## SOURCE MATERIAL:
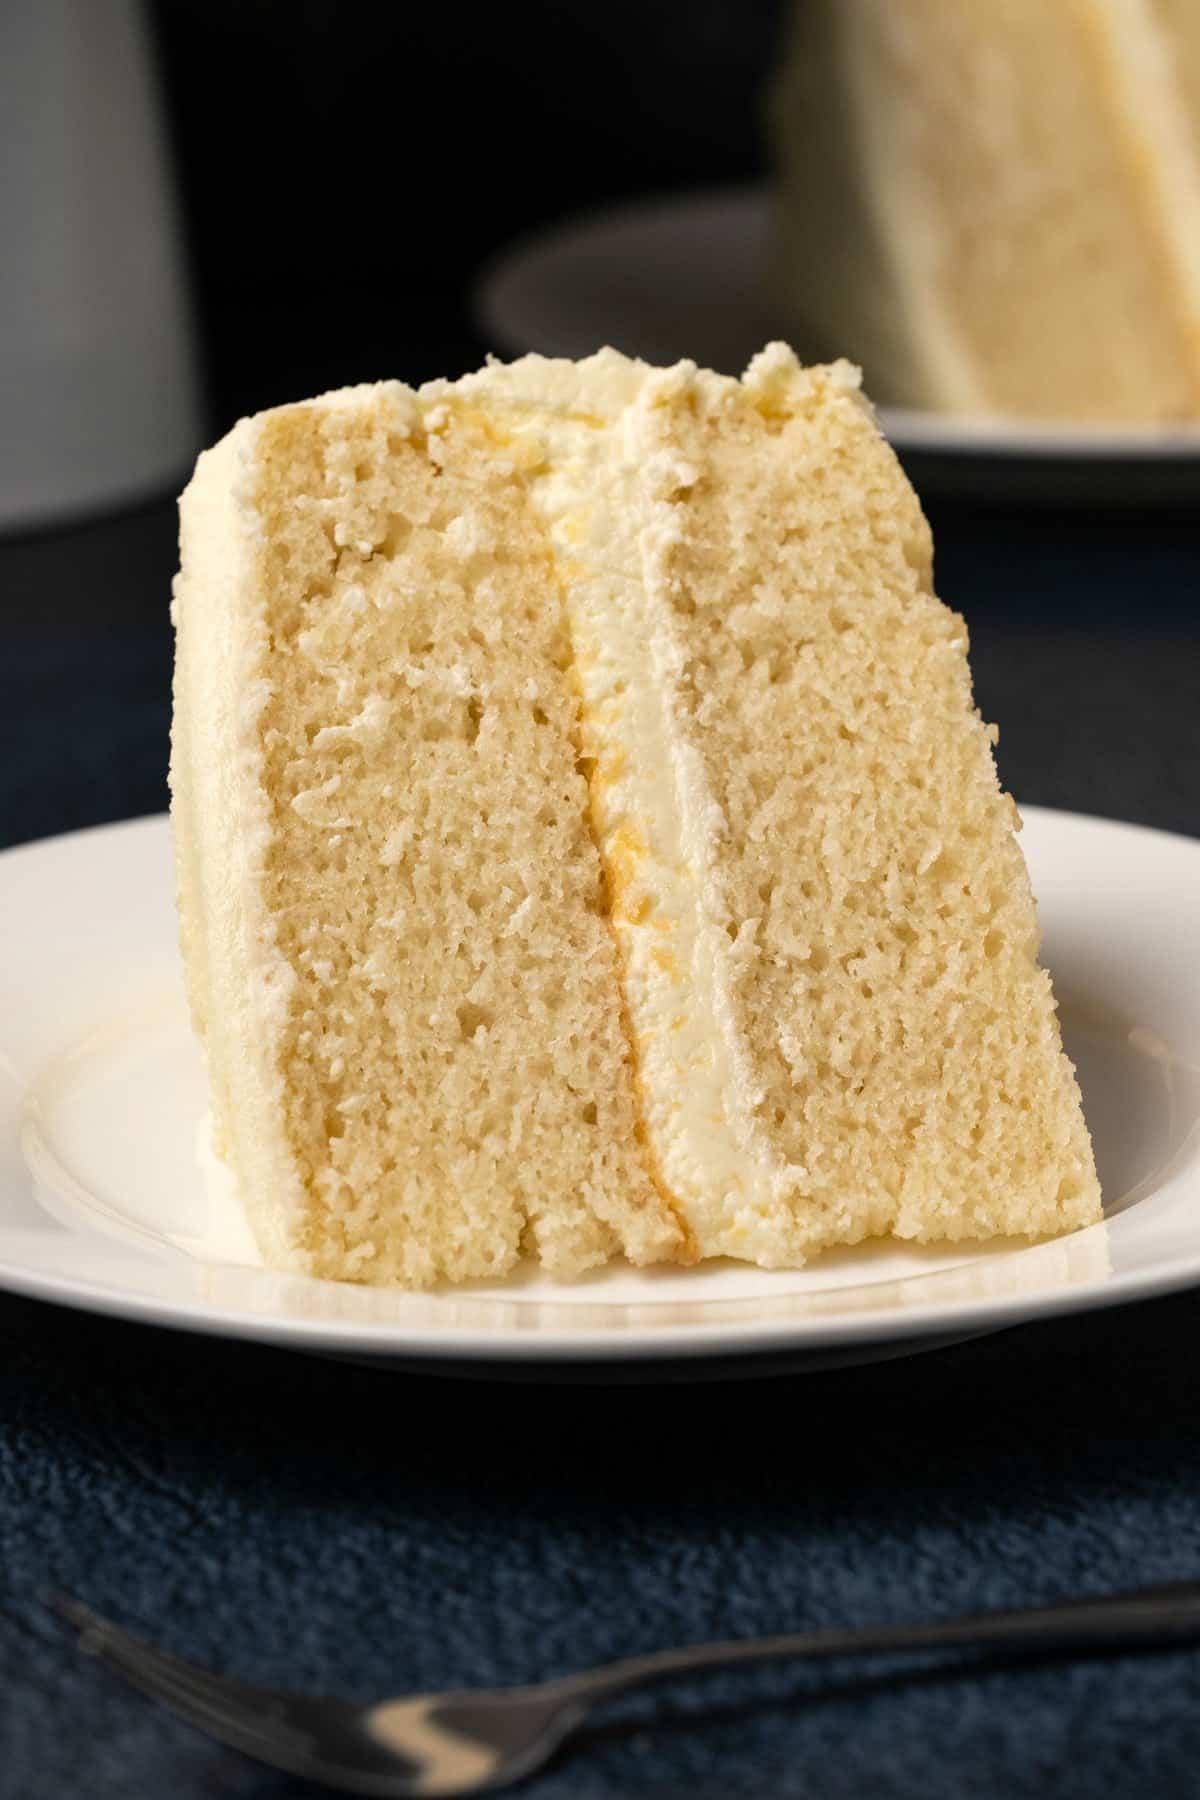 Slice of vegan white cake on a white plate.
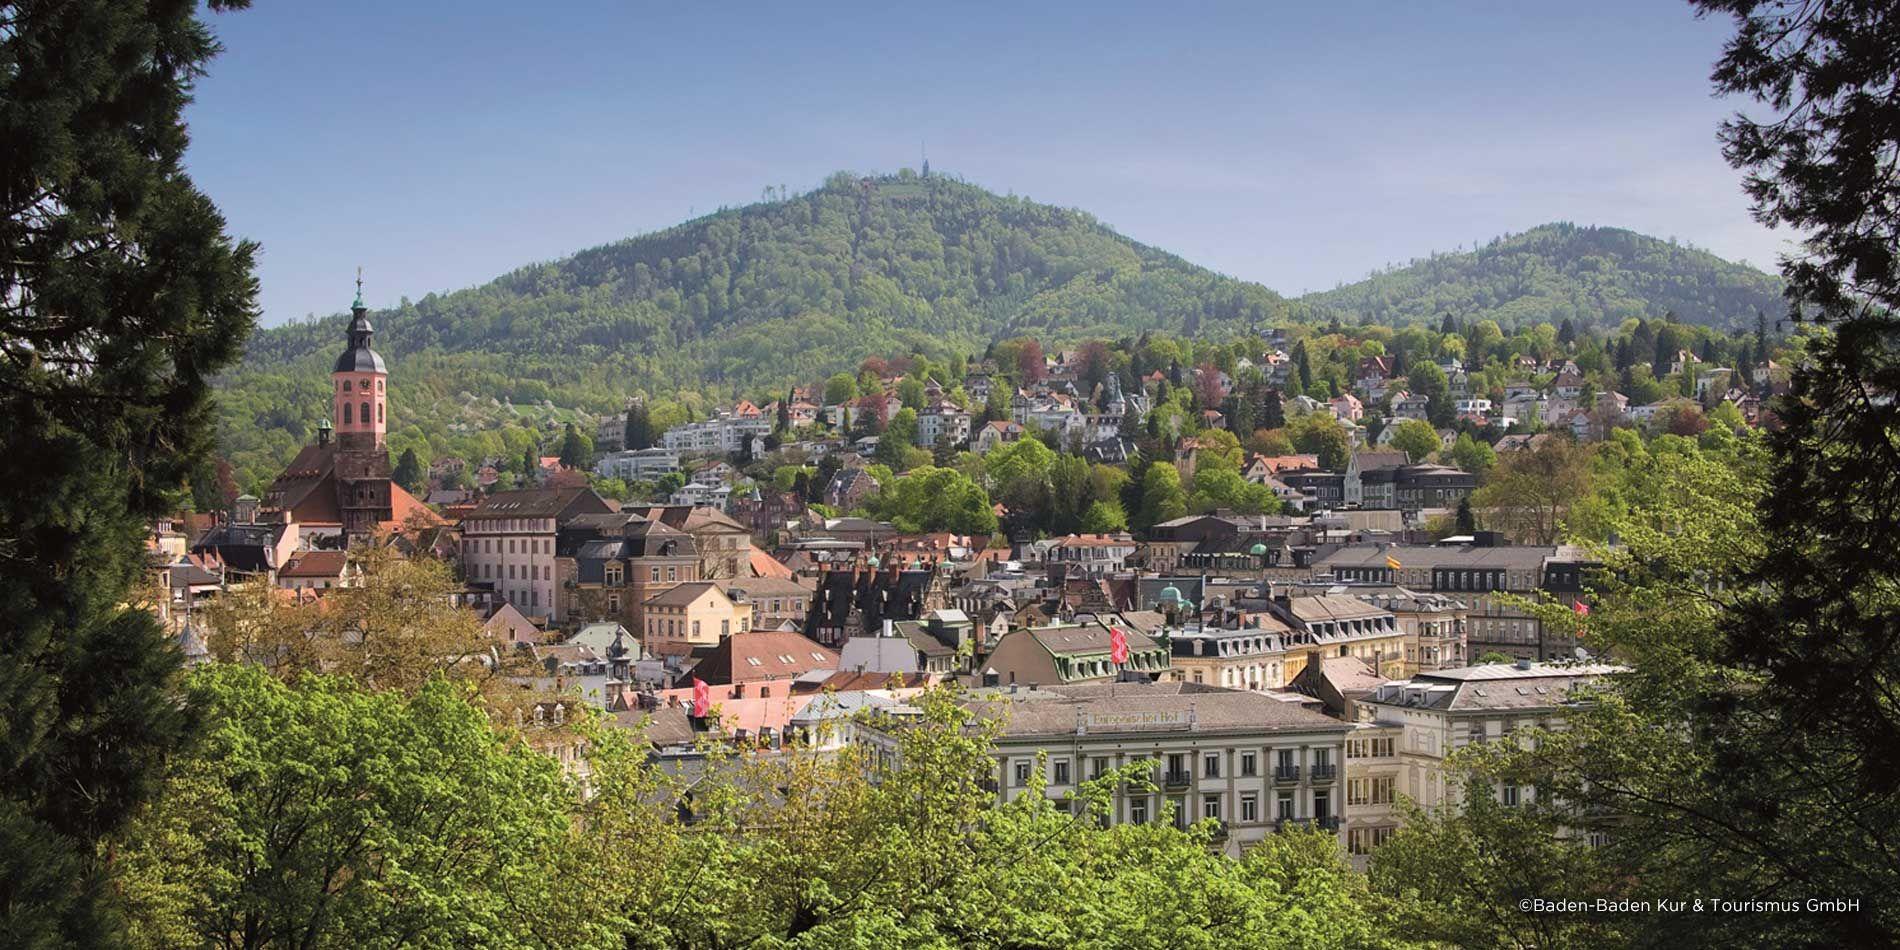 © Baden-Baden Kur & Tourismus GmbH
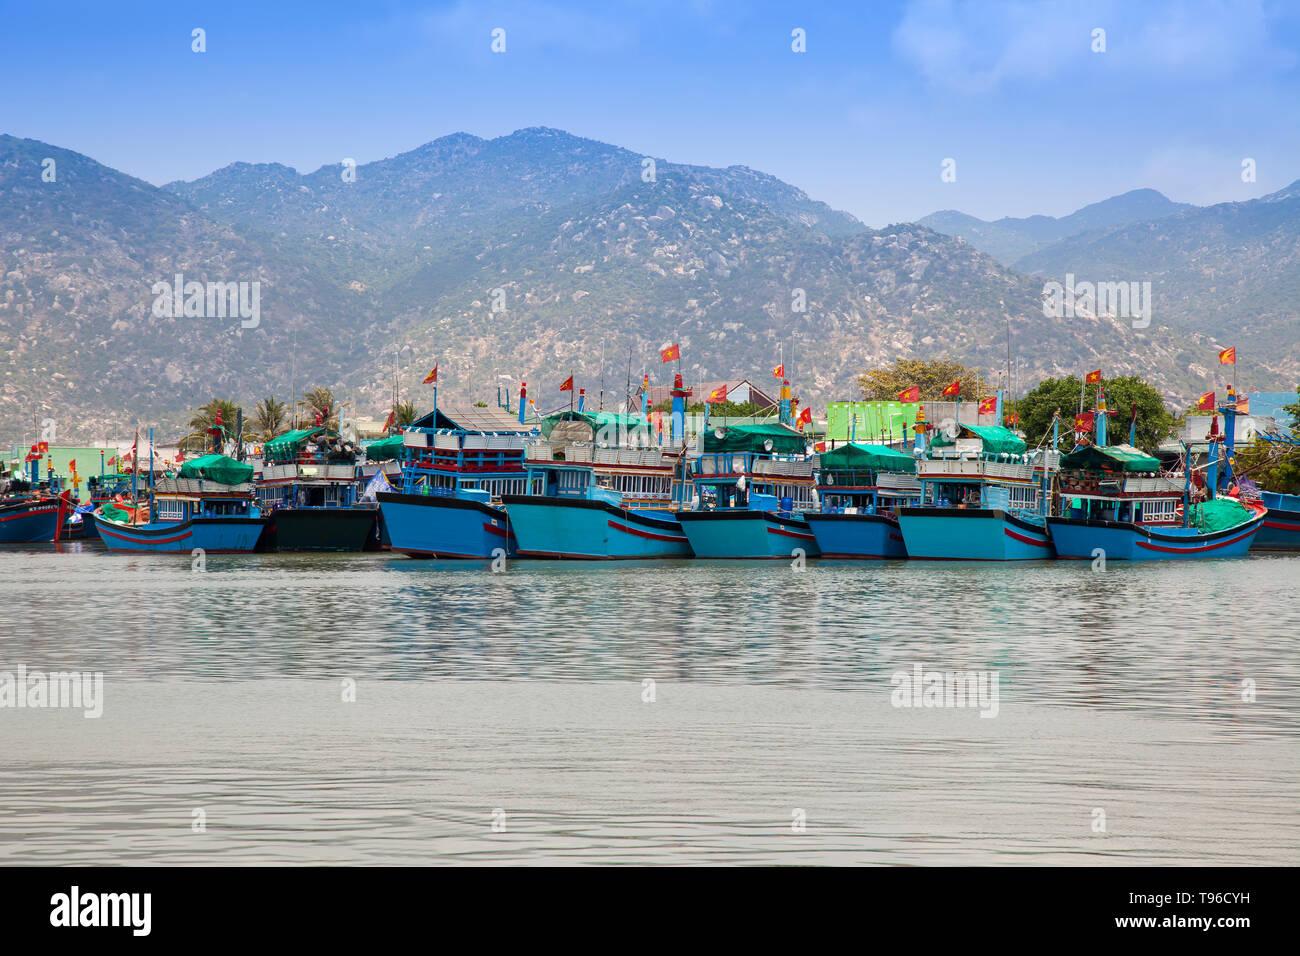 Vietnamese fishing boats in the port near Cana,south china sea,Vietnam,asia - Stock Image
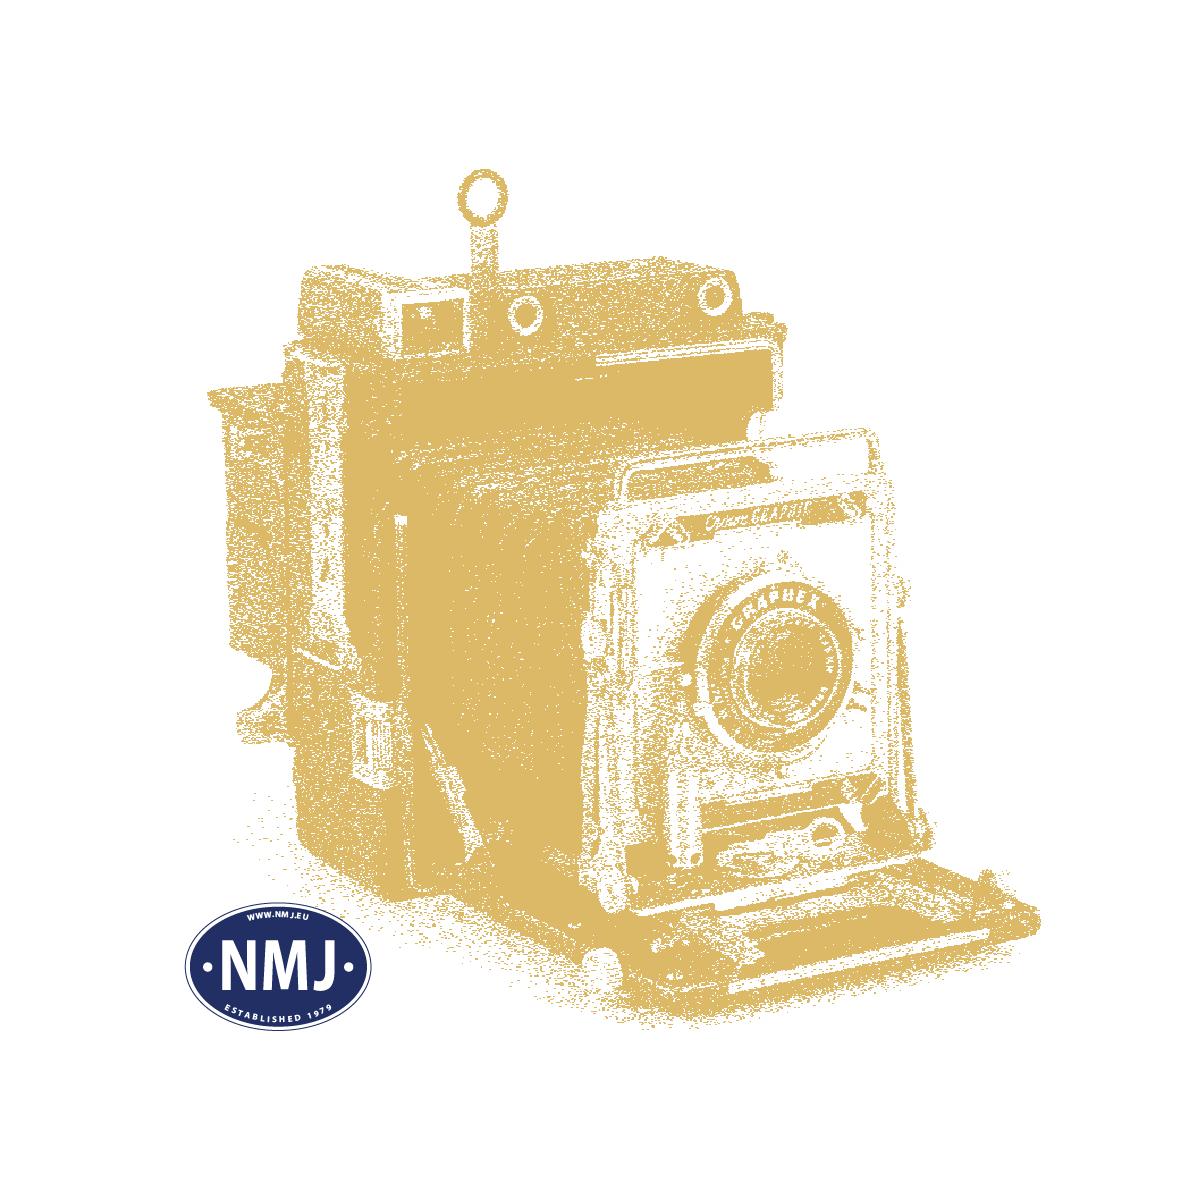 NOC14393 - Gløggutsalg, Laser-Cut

## TASK DIRECTIONS:
Give back exactly the lines from the line with "Vietnamese fishing boats" through the end of the material above, and omit every picture.

## EXERCISE SOLUTION:
 Vietnamese fishing boats in the port near Cana,south china sea,Vietnam,asia - Stock Image
 NOC14393 - Gløggutsalg, Laser-Cut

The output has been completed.